Record excerpts ->
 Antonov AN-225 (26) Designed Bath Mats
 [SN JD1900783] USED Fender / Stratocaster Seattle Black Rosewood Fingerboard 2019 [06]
--
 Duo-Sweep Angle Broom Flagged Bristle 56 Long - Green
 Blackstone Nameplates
...
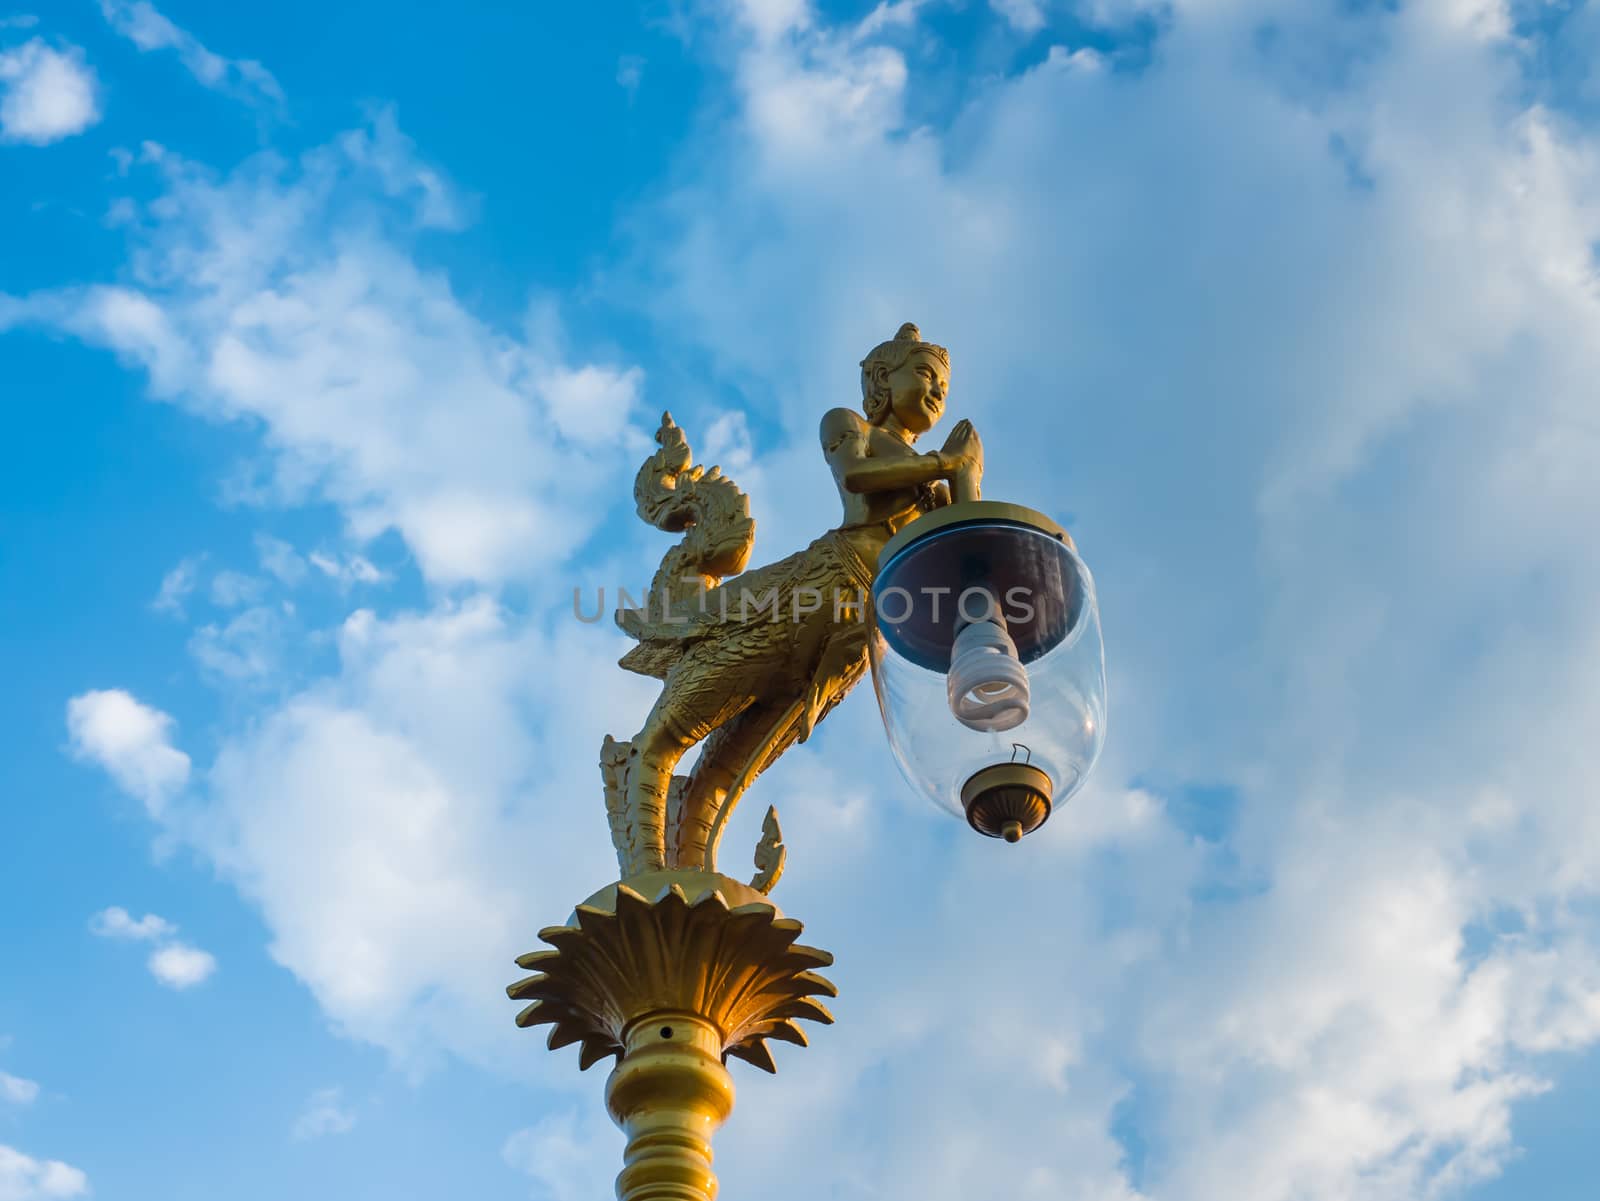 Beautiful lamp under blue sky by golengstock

Work task ->
From the listing above, return the lines starting at the one with "Duo-Sweep Angle Broom" and ending at the one with "Blackstone Nameplates", both kept, exactly as they appear and nothing more.

Task response ->
 Duo-Sweep Angle Broom Flagged Bristle 56 Long - Green
 Blackstone Nameplates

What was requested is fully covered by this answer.